Office of the North Carolina Equal Suffrage League, 1920. Gertrude Weil is at the far left. Courtesy of North Carolina Office of Archives and History, Raleigh.
Office of the North Carolina Equal Suffrage League, 1920. Gertrude Weil is at the far left. Courtesy of North Carolina Office of Archives and History, Raleigh. Call # N.60.4.38.

The women suffrage movement in North Carolina began in 1894 with the formation of the North Carolina Equal Suffrage Association in Asheville. Association president Helen Morris sought a state amendment extending the vote to women, and Senator J. L. Hyatt of Yancey County introduced a bill to this effect in the 1897 legislative session. The Senate leader, however, reflecting the sentiment of his colleagues, referred it to the Committee on Psychiatric Hospitals, where it died. Little was attempted or accomplished during the next 15 years. The state's women suffrage movement lay dormant, as it did in much of the rest of the nation.

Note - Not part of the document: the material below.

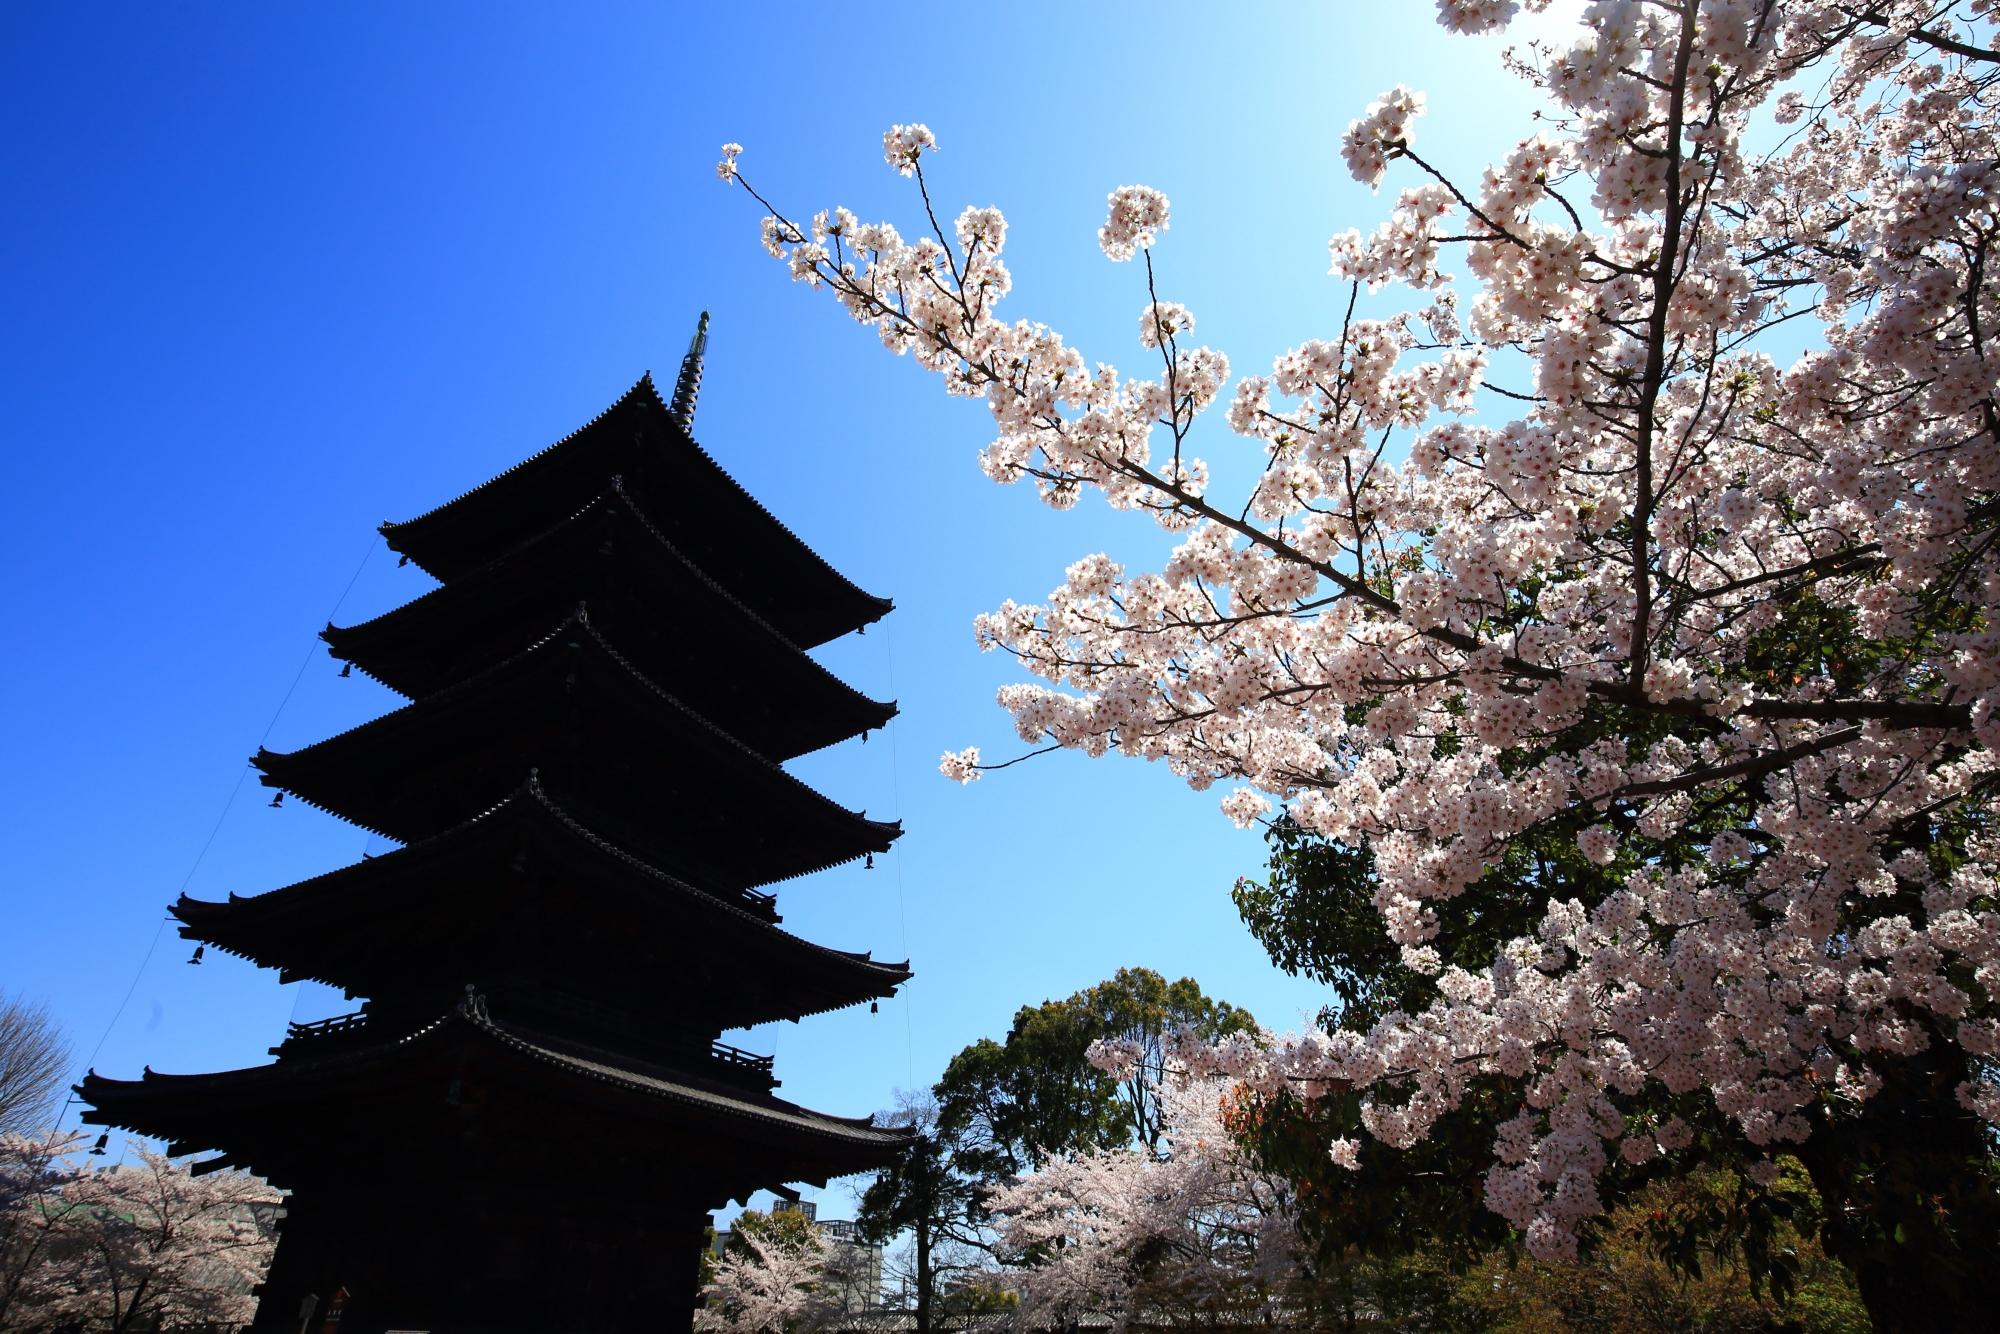 五重塔を彩る太陽に照らされた煌びやかな桜

The movement revived in January 1913 when Myrtle Bunn, a North Carolinian, presented a charter for a Charlotte-based organization dedicated to women's suffrage at a gathering of suffragists in Washington, D.C. That same year, in December, the Equal Suffrage League of North Carolina met at the Carnegie Library in Charlotte. There, they elected their first officers: Barbara Henderson as president and J. Eugene (Laura) Reilley as vice president. The Equal Suffrage League helped develop local groups while lobbying legislators and publicizing its cause through pamphlets and speeches. Gertrude Weil was also an important suffragist in North Carolina around this time. Weil was a Smith College (Massachusetts) graduate, was the daughter of a German Jewish immigrant who had settled in Goldsboro just before the Civil War. She was one of the South's "new women" who had acquired some postsecondary education, participated in a range of club activities, and enjoyed paid working experiences as the region began to modernize. In fall of 1914, Weil founded the Goldsboro branch of the Equal Suffrage League of North Carolina.

In 1915 Lilian Exum Clement of Asheville started a branch of the Congressional Union, later renamed the National Woman's Party, a more militant group determined to obtain suffrage through a federal amendment. The party was originally created in 1913 by suffragists Alice Paul and Lucy Burns with the goal of passing a federal woman suffrage amendment. Still, the 1915 legislature voted down all attempts to grant women the vote; representatives from the agricultural counties with the largest African American populations led the opposition. Much of the controversy over women suffrage concerned race: antisuffragists feared that allowing women to vote would increase pressure to reverse laws that prevented African Americans from voting.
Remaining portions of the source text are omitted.